Nvidia’s new flagship RTX 50-series GPU can deliver 4K 60fps or higher gaming with full ray-tracing without any supporting AI-based DLSS or frame generation. With DLSS 4 and its new multi-frame generation technology, the RTX 5090 makes 200 to 300 – and even 400 fps 4K gaming a regular affair. Some may argue those frames aren’t real and don’t count, but DLSS and AI-enhanced frame rates are becoming more necessary everyday with higher frame rate and resolution displays.

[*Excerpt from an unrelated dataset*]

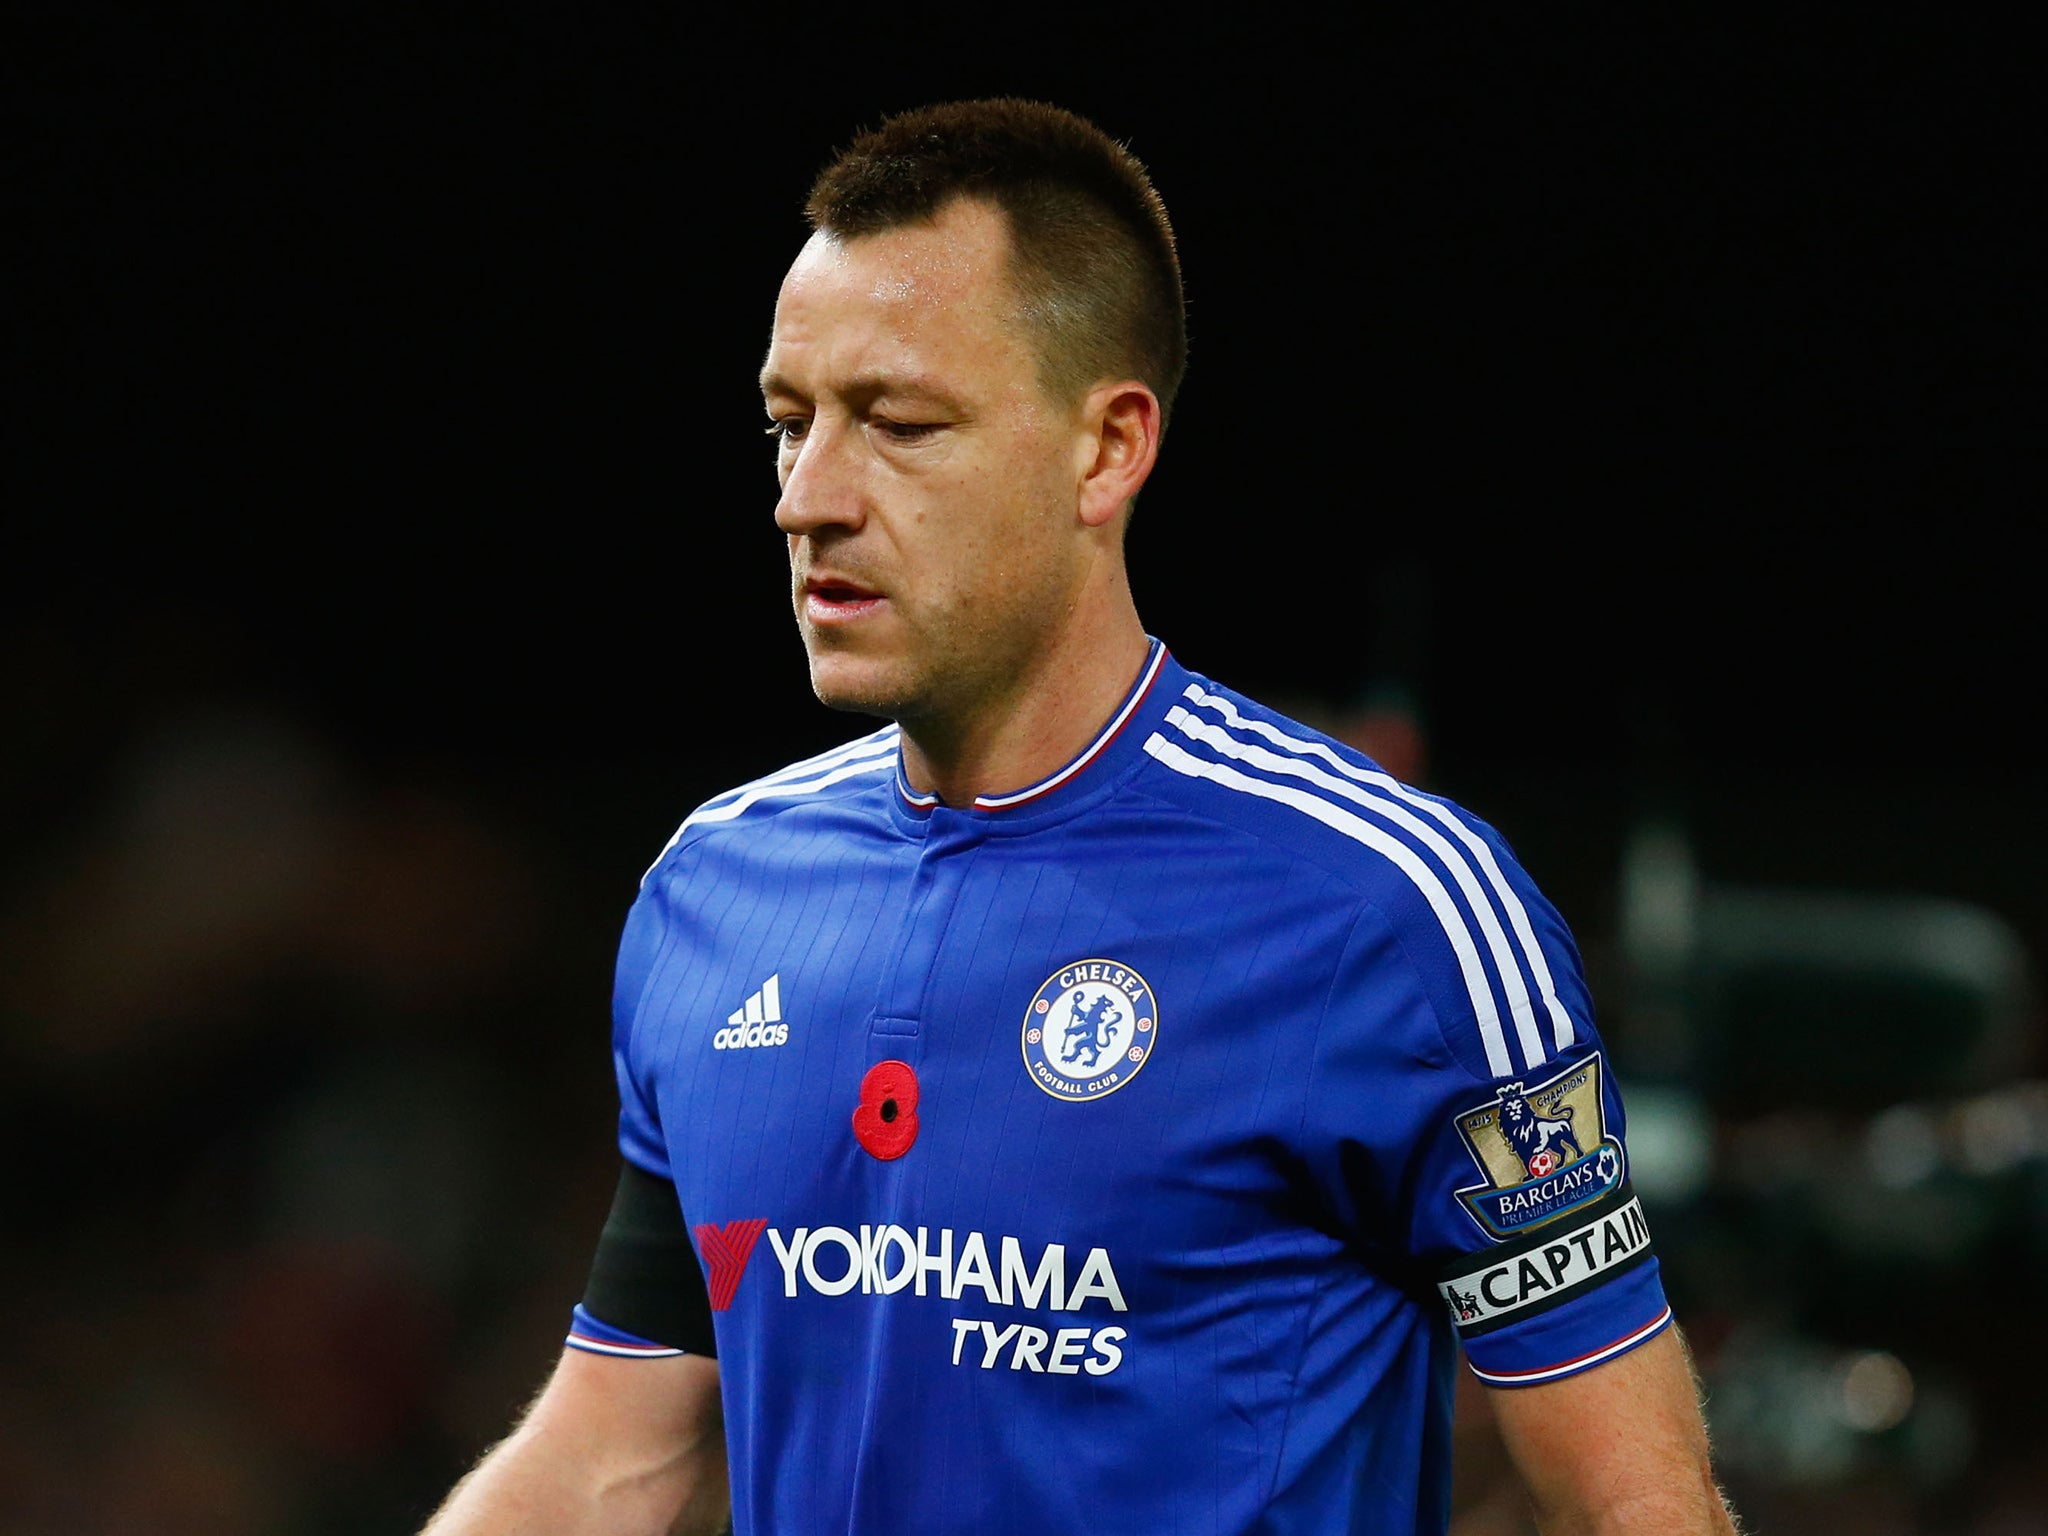 John Terry leaves the field dejected following the defeat at Stoke

The greater AI focus Nvidia is putting into its graphics cards is also just the first step to a total revolution in how computer graphics are rendered. DLSS and AI has always been a value add for Nvidia’s graphics cards, but now its a headlining feature for the RTX 5090, that also helps futureproof it while making it potentially the first GPU to support 8K 120fps displays.
Pros:
✅👯♂️ Multi-frame generation is a true revelation that makes 200, 300, and even 400 fps gaming possible at 4K
✅ ⚡️ Finally a graphics card fast enough for 4K 240fps and possibly 8K 120fps displays
✅ 📐 New DLSS 4 transformer model improves lighting, scaling, and motion
✅ 🤏 Smaller, two-slot design makes this GPU a better fit for more PC builds
Cons
❌🪭 Double flow-through design doesn’t work for vertical GPUs or dual-chamber cases
❌🤑 $2,000 price tag will be a steep investment for most people
❌👾 Multi-frame generation can introduce large blotches of artifacts
🤏 Smaller two-slot card. The Nvidia RTX 5090 is finally back to being a dual-slot-sized graphics card. That should make Nvidia’s flagship GPU a better fit for Mini-ITX and SFF builds since the xx90 cards ballooned to a triple-slot size with the RTX 3090. It’s also an amazing feat that Nvidia has managed to pack the RTX 5090’s greater number of transistors into a smaller card and PCB.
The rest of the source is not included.